Background & Summary

Mosquitoes are hematophagous arthropods transmitting various pathogens1. Aedes aegypti is a mosquito species that transmits arboviruses, including dengue, Zika and Chikungunya, posing severe threats to public health globally2,3. The female mosquito’s midgut is the primary digestive and absorption organ, it is also involved in many physiological processes like oogenesis, signal molecule secretion, gut microbiota shaping and immune reactions4,5. Anatomically, the female mosquito’s midgut is spindle-shaped and a single inner layer of epithelial cells on a basal lamina surrounded by visceral muscles, tracheoles and fibroblasts embedded in the outer extracellular matrix4,5. Successful arbovirus infection necessitates overcoming two barriers in the midgut: the midgut infection barrier and the midgut escape barrier, both of which influence vector competence6. In arbovirus infection, the midgut is the initial infection site and plays a dual role in pathogen transmission and defense against pathogen invasion7. The cells from different midgut regions exhibit different proviral or antiviral effects, indicating arboviruses have cell type-specific preference in host-pathogen interactions8,9.

Decades of advancements in bulk RNA sequencing technologies (bulk RNA-seq) have significantly contributed to the field of transcriptomics. Studies have shown that transcriptomes may differ among cells or between tissues from the same organ. However, bulk RNA-seq has limitations, as it only provides an overall average of gene expression, thereby hiding unique transcriptional differences at the cellular level10,11. In contrast, single-cell RNA sequencing (scRNA-seq) technologies allow the study of transcriptome heterogeneity in a cell-to-cell resolution12. The cells with similar function or morphology could be separated based on transcriptional heterogeneity10,11. Therefore, scRNA-seq has been widely used to reveal cellular composition, discover novel or rare cell types, and characterize gene expression changes during cell differentiation or other stages. For example, a single-cell study of mosquito hemocytes revealed the diversity of hemocyte functions, identified different cell subtypes such as hemocytes (HC) and fat body cells (FBC) separately, and illuminated the developmental trajectories from granulocytes to antimicrobial granulocytes13.

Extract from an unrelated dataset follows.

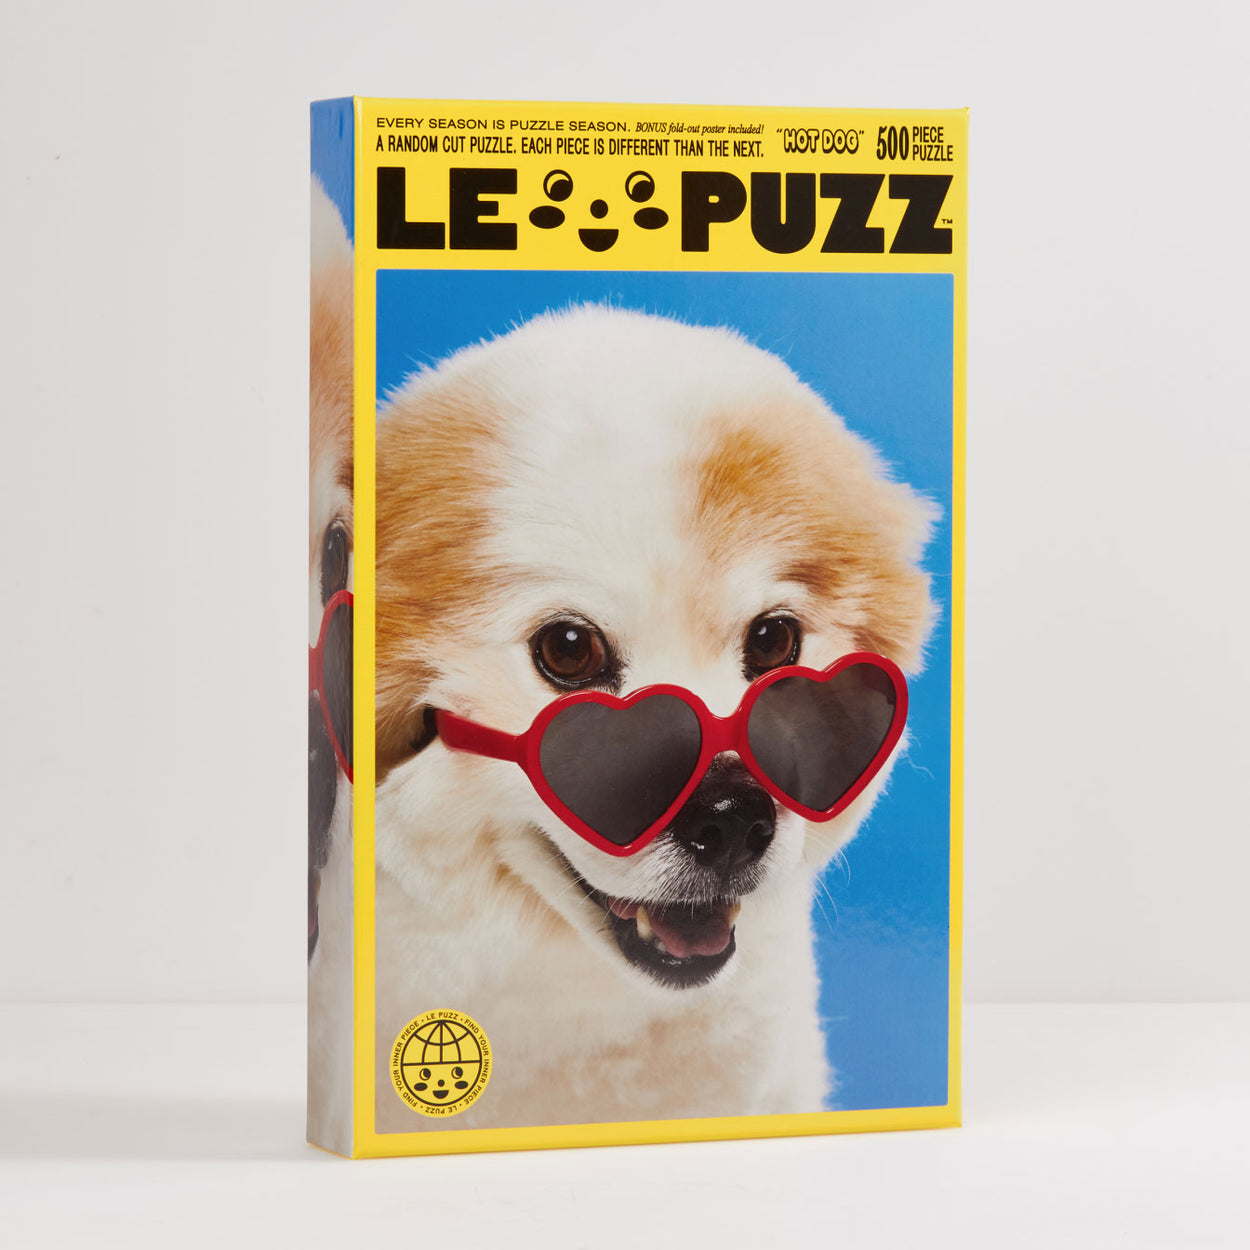 Hot Dog Puzzle | Le Puzz | 500 Pieces: Cream Fluffy Dog with Heart Sunglasses Puzzle. Hot Dog features our furry fwend Bucky! When we met Bucky we knew he’d make a perfect puzzle pal. He stole our hearts with his teeny grin and heart shaped sunglasses.

Previous studies on the midgut of Drosophila, Ae. aegypti and other Diptera insects could serve as references for annotating mosquito midgut cells5,14,15. The midgut cells of adult dipteran insects consist of four epithelial cell types: enterocytes (EC), enteroendocrine cells (EE), enteroblasts (EB), and intestinal stem cells (ISC), and two other cell types called cardia cells (Cardia) and visceral muscles (VM)14,15. Unlike mammalian ECs, insect ECs fulfil roles in both nutrient transport and digestive enzyme secretion5. EEs produce and secret bioactive peptides and other signal molecules, playing vital regulatory roles in midgut functionality and insect homeostasis16. EBs act as progenitors of ECs and EEs, originating from ISCs via asymmetric division. ISCs can undergo symmetric division to generate either two stem cells or two differentiated cells, thereby maintaining a self-renewing epithelium under homeostatic conditions or in response to stressors in the life cycle17. Cardia cells are located at the junction between the foregut and midgut, while VMs facilitate food movement from the midgut to the hindgut5. But it should be noted that there is a major difference between Drosophila and mosquitoes, as hematophagy has distinct metabolic requirements that will contribute to the transcriptome14,15,18,19.

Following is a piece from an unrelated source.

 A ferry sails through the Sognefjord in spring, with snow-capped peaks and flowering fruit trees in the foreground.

Cellular heterogeneity affects vector competence and host-pathogen interaction. scRNA-seq study of Anopheles gambiae hemocytes revealed a novel cell type called “megacyte” that plays a crucial role in response to the invasion of Plasmodium parasite13. Sindbis virus (SINV) prefers infecting EEs in the midgut of Ae. aegypti and may utilize the neurosecretory nature of EEs to disseminate to neighboring midgut cells and other target tissues9. Therefore, establishing a cell atlas of Ae. aegypti midgut at single-cell level can provide a reference for future studies on arbovirus-midgut interaction.

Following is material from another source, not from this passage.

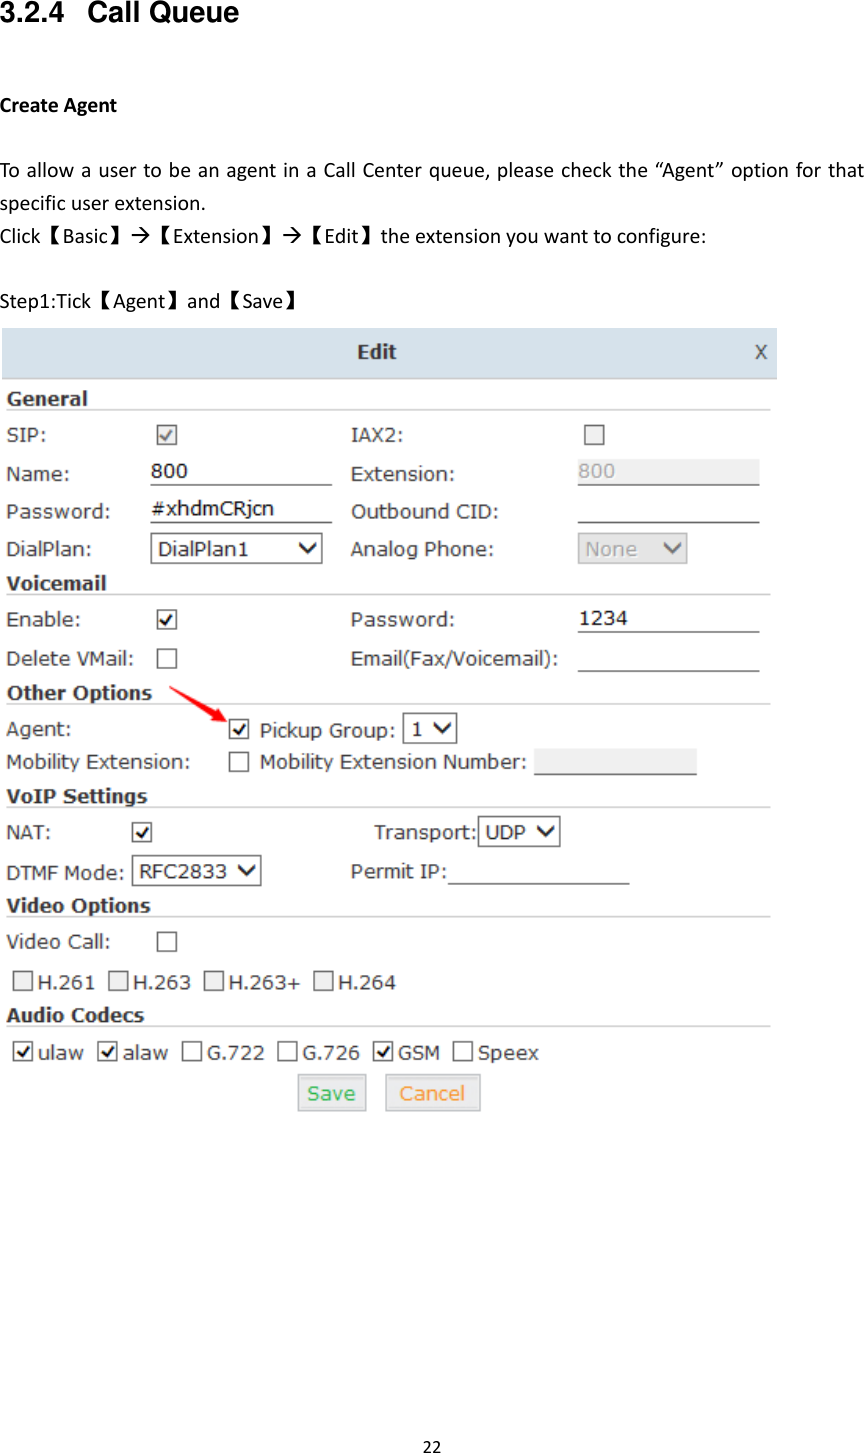  22  3.2.4  Call Queue  Create Agent  To allow a user to be an agent in a Call Center queue, please check the “Agent” option for that specific user extension. Click【Basic】【Extension】【Edit】the extension you want to configure:  Step1:Tick【Agent】and【Save】

An earlier study utilizing single-nucleus RNA sequencing technology (snRNA-seq) identified and annotated 20 distinguishable cell clusters including ISC/EB, EE, EC, cardia, and VM from the midgut of Ae. aegypti15. Analyzing single nucleus rather than single cells is an important strategy that addresses tissues that cannot be readily dissociated into a single-cell suspension and frozen samples20. But snRNA-seq cannot detect mRNAs in the cytoplasm. Since some transcripts are not mainly located in the nucleus and the higher proportion of mature mRNA with polyA tails exist in the cytoplasm, the scRNA-seq has great potential in the identification of cell subtypes and the annotation of the pathogen-infected mosquito cells21,22. Here, we performed scRNA-seq experiments on mosquito midguts and successfully identified the major cell types. Our study will aid in advancing further scRNA-seq studies of the arbovirus-infected mosquito midgut.

Methods

Mosquitoes

The eggs of Ae. aegypti (Rockefeller strain) were hatched in a transparent box containing distilled water, and the larvae were fed with fish feed (Bessn, China) at 28 °C with 12 h:12 h light/dark cycles. After eclosion, adult mosquitoes were maintained in ventilated cages at 28 °C and 75% relative humidity (RH) under 12 h:12 h light/dark cycles. These mosquitoes were only fed with 8% glucose solution.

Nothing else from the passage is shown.